HumanOmni2.5-4v1_B.csv:IlmnID,Name,IlmnStrand,SNP,AssayTypeID,NormID,AlleleA_ProbeSeq,AddressB_ID,AlleleB_ProbeSeq,GenomeBuild,Chr,MapInfo,Ploidy,Species,Source,SourceVersion,SourceStrand,SourceSeq,TopGenomicSeq,CustomerStrand,GenomicStrand,AddressA_ID HumanOmni2.5-4v1_B.csv-VGXS35706-0_T_R_1569787094,VGXS35706,TOP,[A/G],0,20,,0,,36,X,100543394,diploid,Homo sapiens,Phencode,0,TOP,,,TOP,-,0029742399

/Human1M-Duov3_B.csv:IlmnID,Name,IlmnStrand,SNP,AssayTypeID,NormID,AddressA_ID,AlleleA_ProbeSeq,AddressB_ID,AlleleB_ProbeSeq,GenomeBuild,Chr,MapInfo,Ploidy,Species,Source,SourceVersion,SourceStrand,SourceSeq,TopGenomicSeq,CustomerStrand /Human1M-Duov3_B.csv-cnvi0048855-0_P_F_1533402900,cnvi0048855,P,[N/A],0,3,540704401,,0,,36.2,4,97084207,diploid,Homo sapiens,Illumina assay db,0,P,,,P

/Manifests/HumanOmni2.5-8v1_A.csv:IlmnID,Name,IlmnStrand,SNP,AssayTypeID,NormID,AddressA_ID,AlleleA_ProbeSeq,AddressB_ID,AlleleB_ProbeSeq,GenomeBuild,Chr,MapInfo,Ploidy,Species,Source,SourceVersion,SourceStrand,SourceSeq,TopGenomicSeq,CustomerStrand,GenomicStrand /Manifests/HumanOmni2.5-8v1_A.csv-rs9998545-131_B_F_1893938319,rs9998545,BOT,[T/C],0,5,35626273,,0,,37.1,4,183931994,diploid,Homo sapiens,dbSNP,131,BOT,,,BOT,-

/Manifests/HumanOmniExpress-12v1_A.csv:IlmnID,Name,IlmnStrand,SNP,AssayTypeID,NormID,AddressA_ID,AlleleA_ProbeSeq,AddressB_ID,AlleleB_ProbeSeq,GenomeBuild,Chr,MapInfo,Ploidy,Species,Source,SourceVersion,SourceStrand,SourceSeq,TopGenomicSeq,CustomerStrand,GenomicStrand /Manifests/HumanOmniExpress-12v1_A.csv-VGXS35706-0_T_R_1569787094,VGXS35706,TOP,[A/G],0,4,29742399,,0,,36,X,100543394,diploid,Homo sapiens,Phencode,0,TOP,,,TOP,-

/HumanHap550v3_B.csv:IlmnID,Name,IlmnStrand,SNP,AssayTypeID,NormID,AddressA_ID,AlleleA_ProbeSeq,AddressB_ID,AlleleB_ProbeSeq,GenomeBuild,Chr,MapInfo,Ploidy,Species,Source,SourceVersion,SourceStrand,SourceSeq,TopGenomicSeq,CustomerStrand,GenomicStrand /HumanHap550v3_B.csv-rs3104240-126_B_R_IFB1141262046:0,rs3104240,Bot,[T/C],0,19,803420739,,0,,36,18,24521689,2,Homo sapiens,dbSNP;refSNP,126,TOP,,,TOP,

rajwanir commented 2 months ago

Closing the issue with the final comments: For most commercial chips, Illumina has revised the manifests (e.g.
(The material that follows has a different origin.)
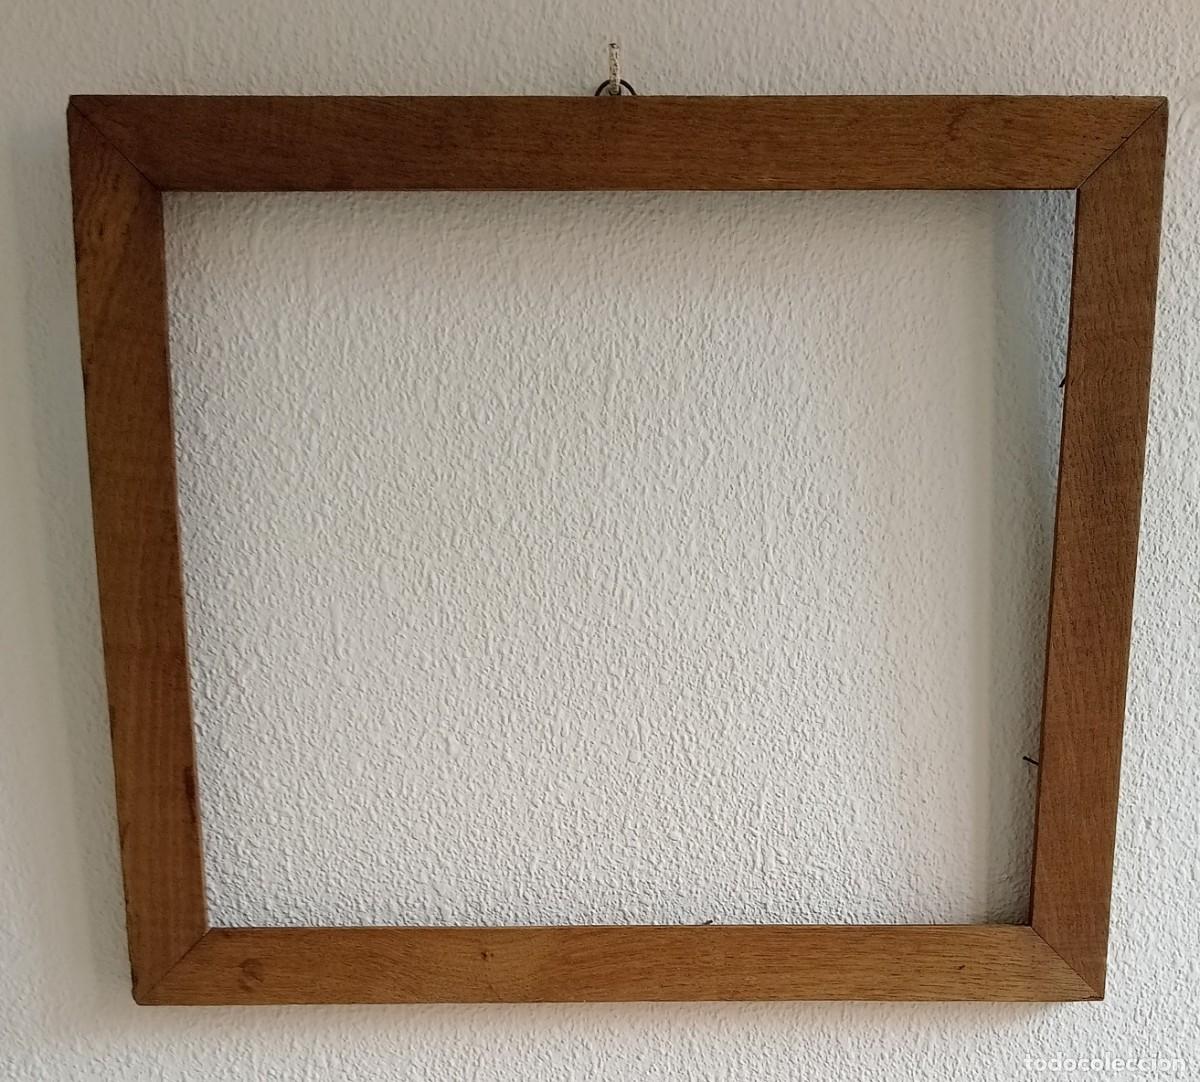 marco de madera con paspartú para colgar años 7 - Compra venta en  todocoleccion

HumanHap550v3_A to HumanHap550v3_B, _C or _H). The revised manifests typically has better annotations for SourceSeq, RefStrand and GenomeBuild. However, there are chips that illumina retired long time ago and updated manifests aren't available. Also there are chips that are custom and updated manifests with SourceSeq will need to be requested from Illumina. There is no analytical solution in absence of the SourceSeq or atleast some sequence column.